**MATERIAL PROVIDED:**

- - - - -

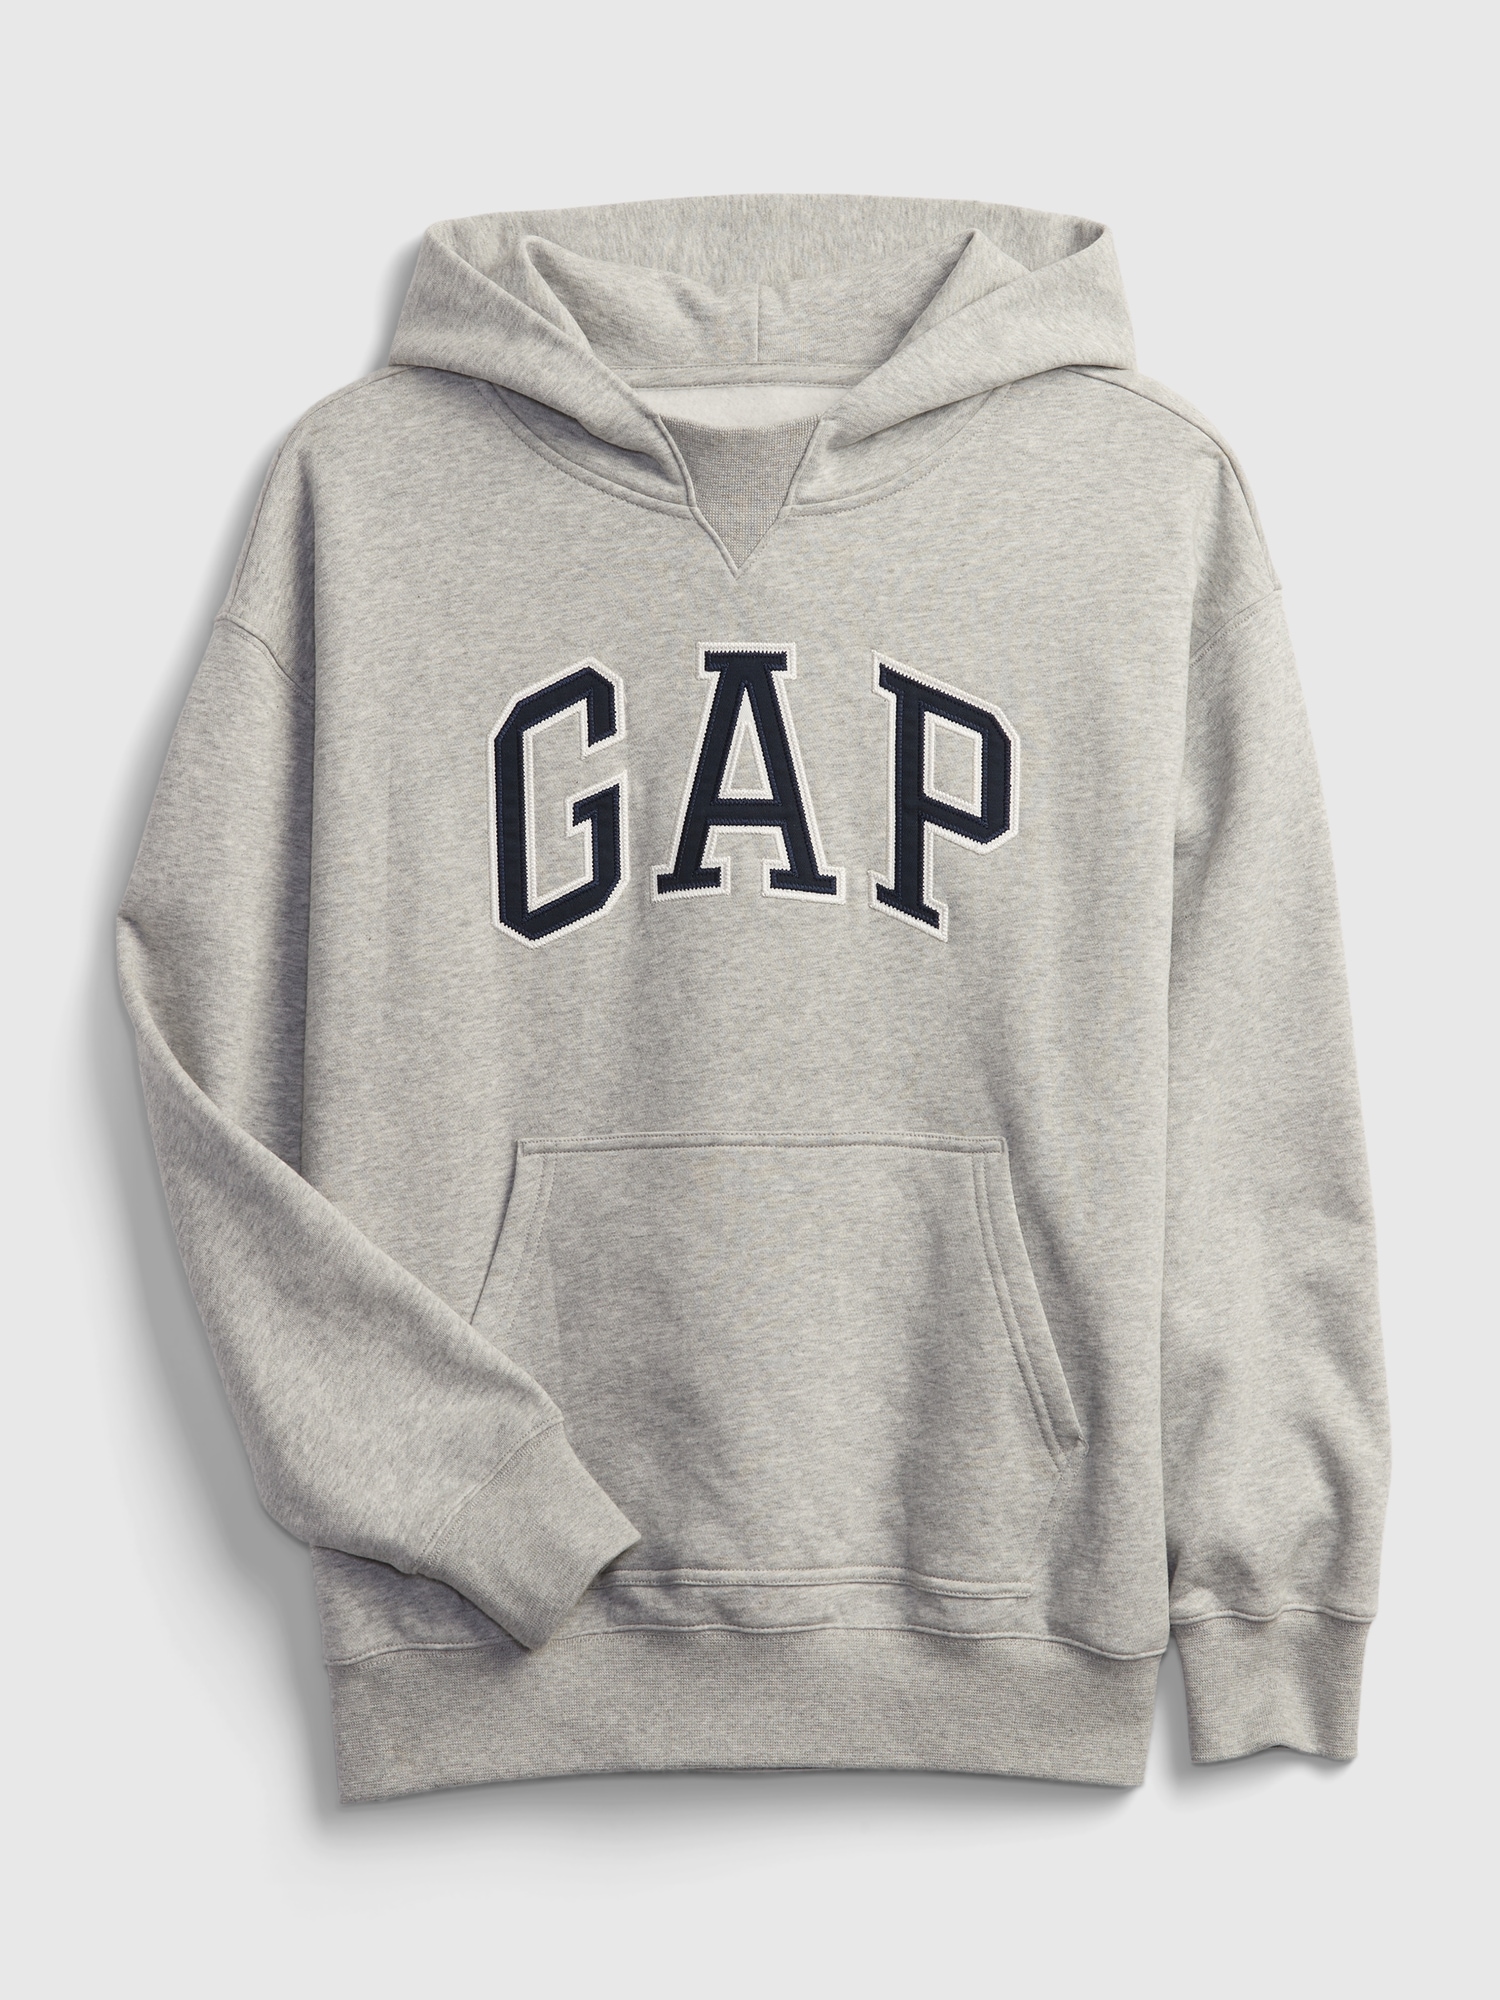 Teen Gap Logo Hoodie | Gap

- - - - -

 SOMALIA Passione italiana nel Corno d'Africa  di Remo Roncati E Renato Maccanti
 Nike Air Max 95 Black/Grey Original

- - - - -

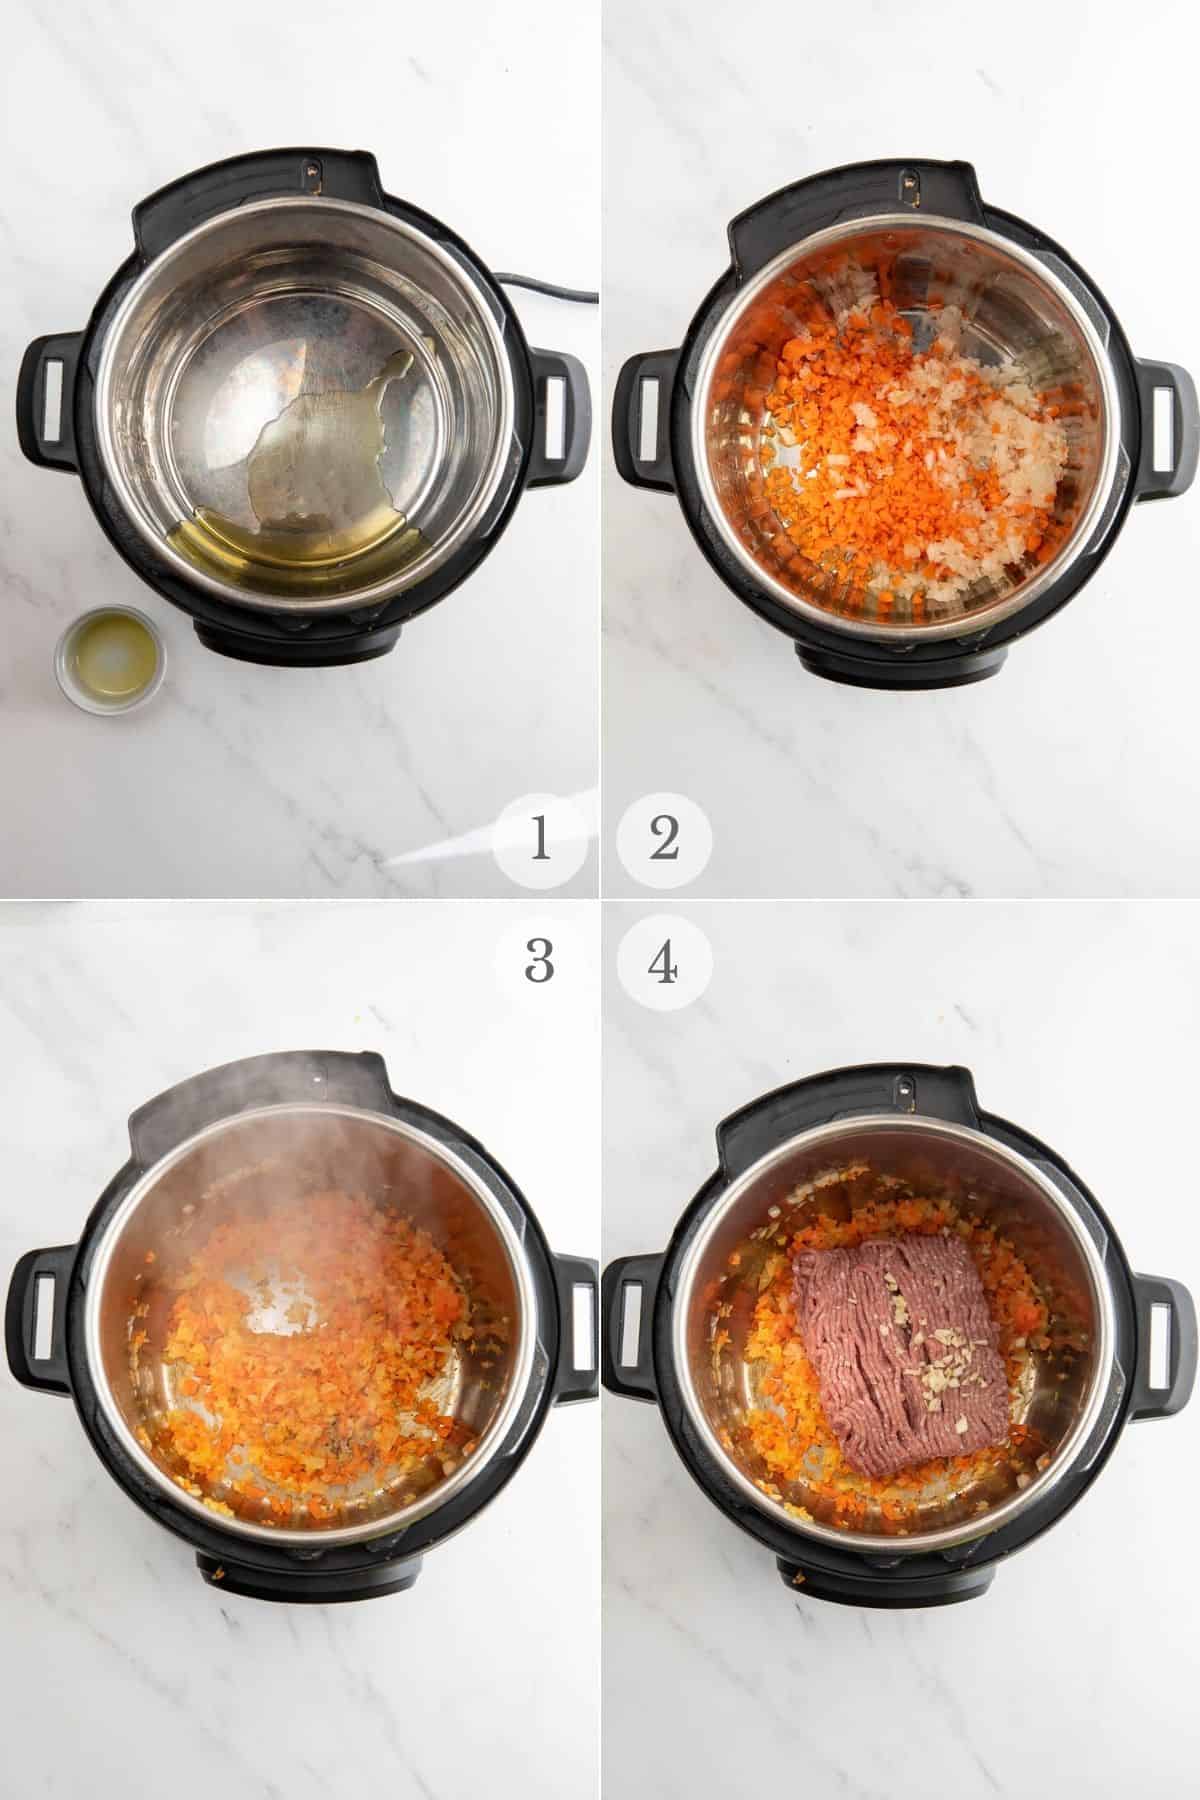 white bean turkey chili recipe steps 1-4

- - - - -

**TASK INSTRUCTIONS:** Starting at the line above that holds "SOMALIA Passione italiana" and ending at the line that holds "Nike Air Max 95 Black/Grey Original", transcribe each line exactly and include no other lines.

**YOUR SOLUTION:**
 SOMALIA Passione italiana nel Corno d'Africa  di Remo Roncati E Renato Maccanti
 Nike Air Max 95 Black/Grey Original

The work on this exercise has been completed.